- Exercise prompt -
Leave every picture out and print exactly the lines that run from the one containing "27 июня состоялось" to the end of the listing.

== Dataset content

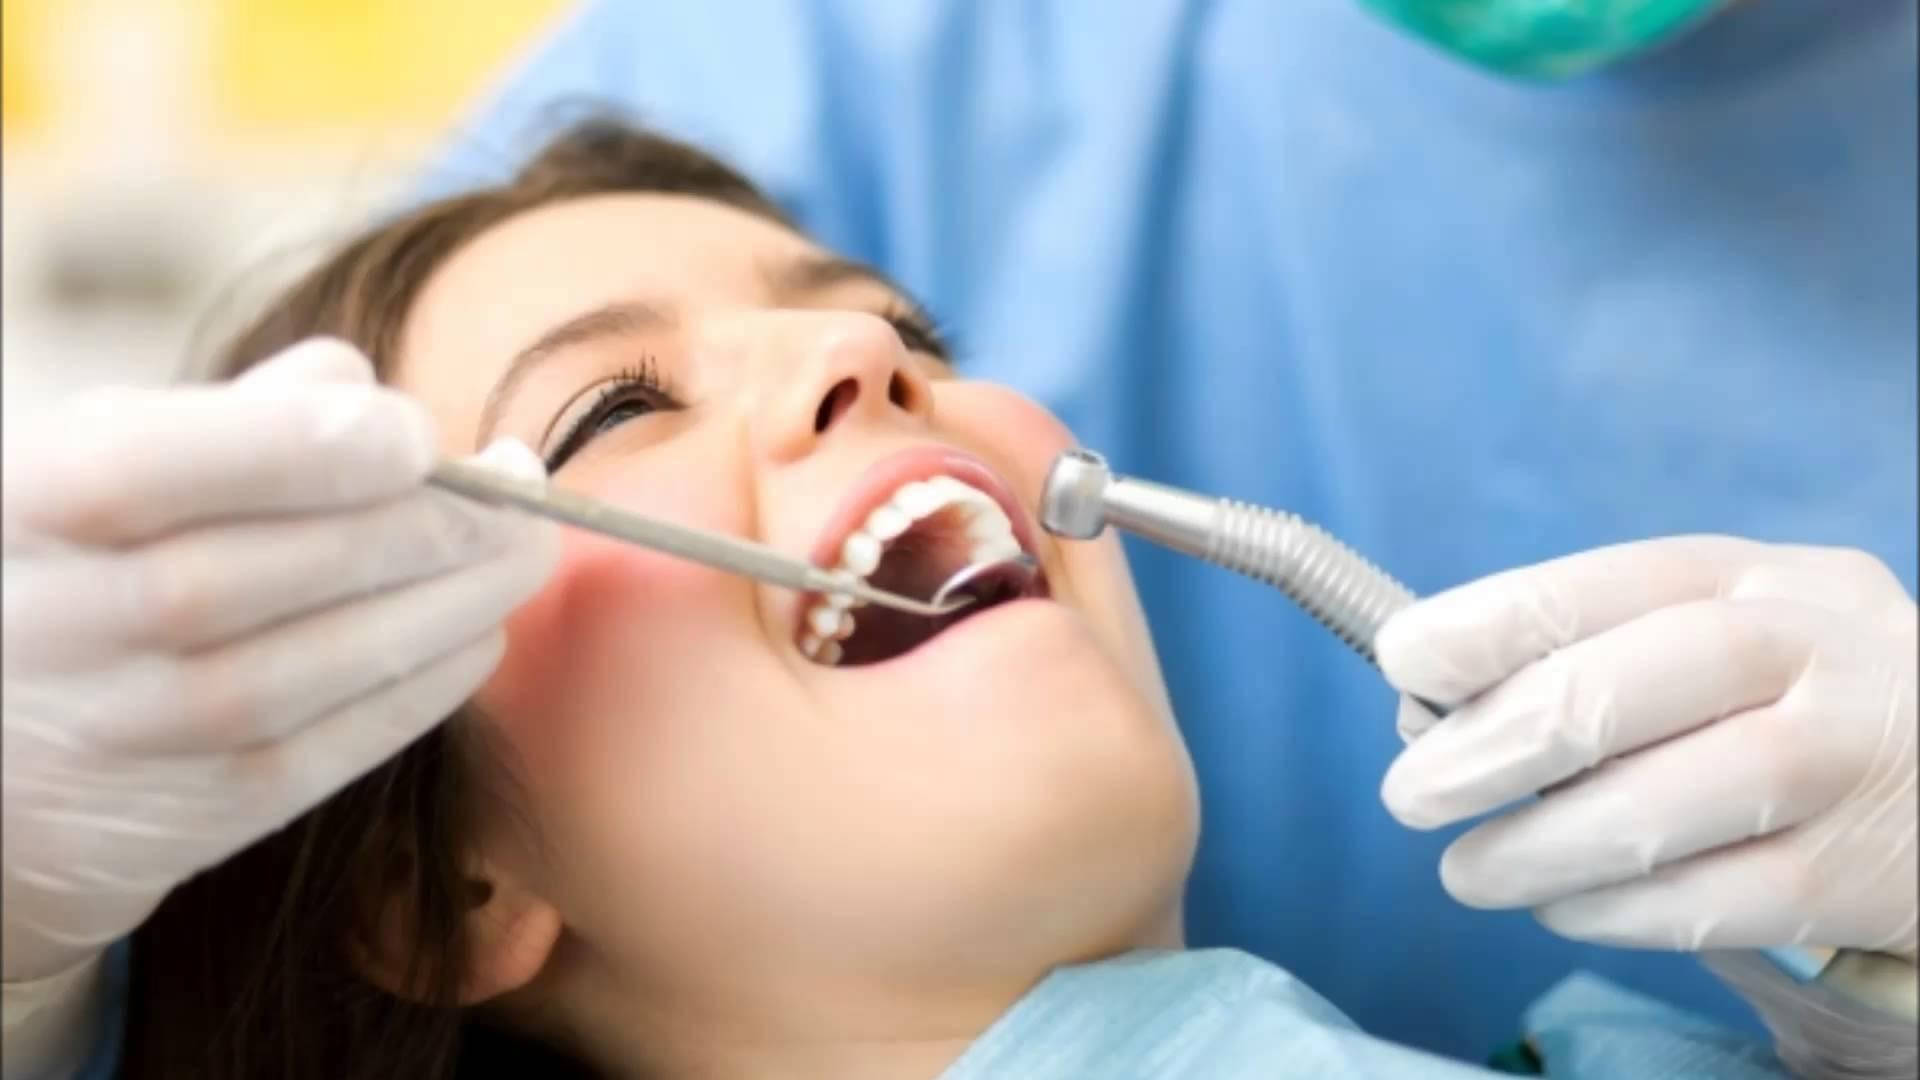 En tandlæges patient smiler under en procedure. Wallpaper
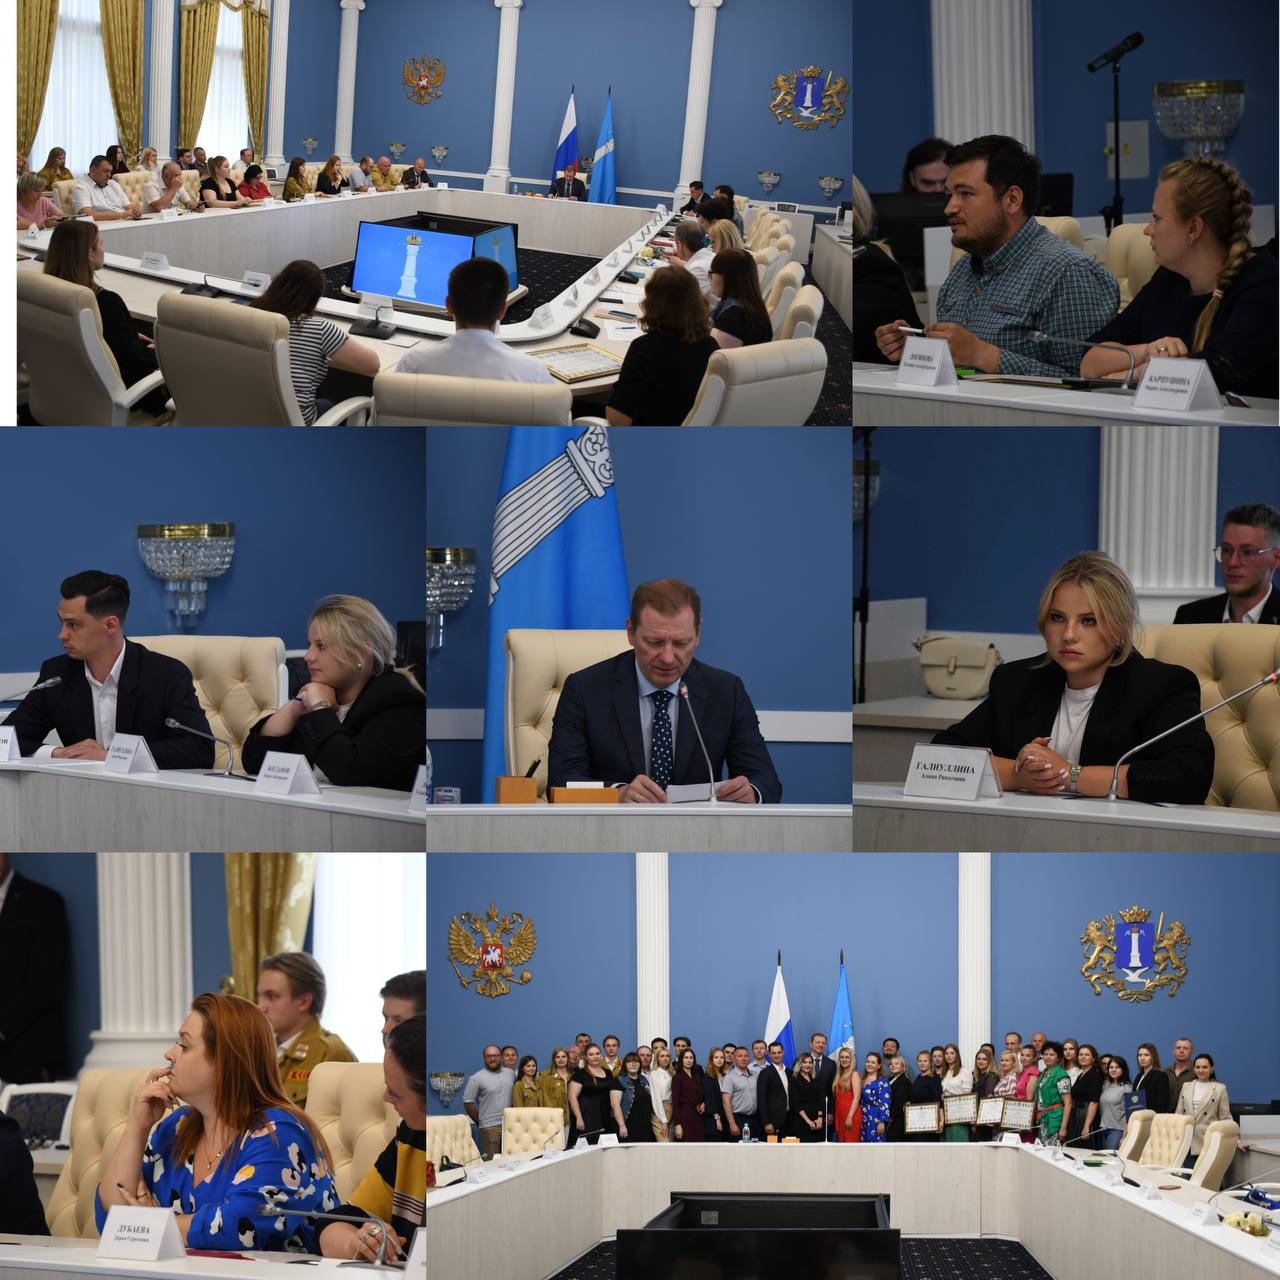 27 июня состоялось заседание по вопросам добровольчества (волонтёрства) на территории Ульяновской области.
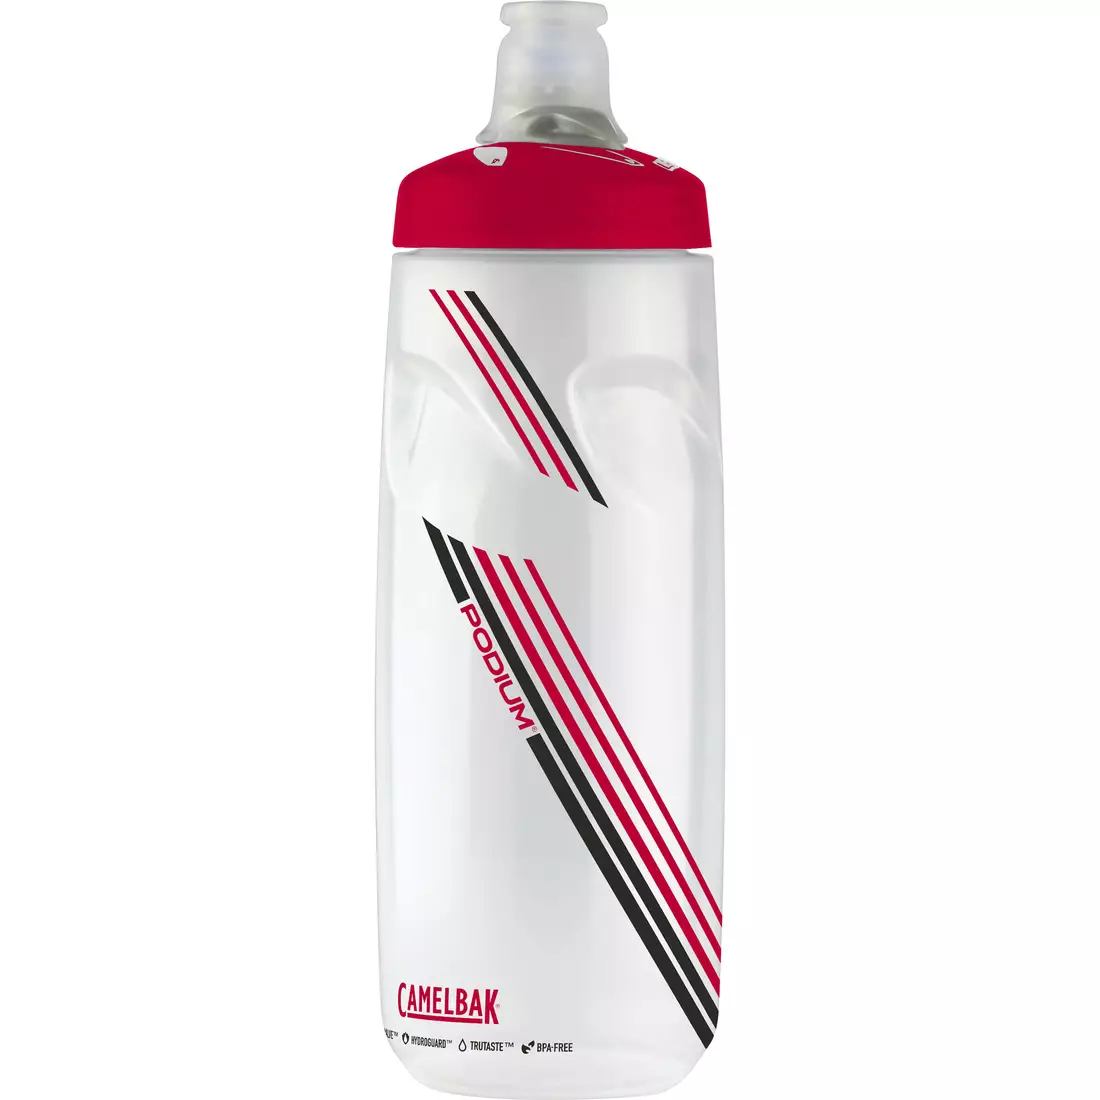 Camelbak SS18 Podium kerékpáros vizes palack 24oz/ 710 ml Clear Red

====

- Written answer -
 27 июня состоялось заседание по вопросам добровольчества (волонтёрства) на территории Ульяновской области.
 Camelbak SS18 Podium kerékpáros vizes palack 24oz/ 710 ml Clear Red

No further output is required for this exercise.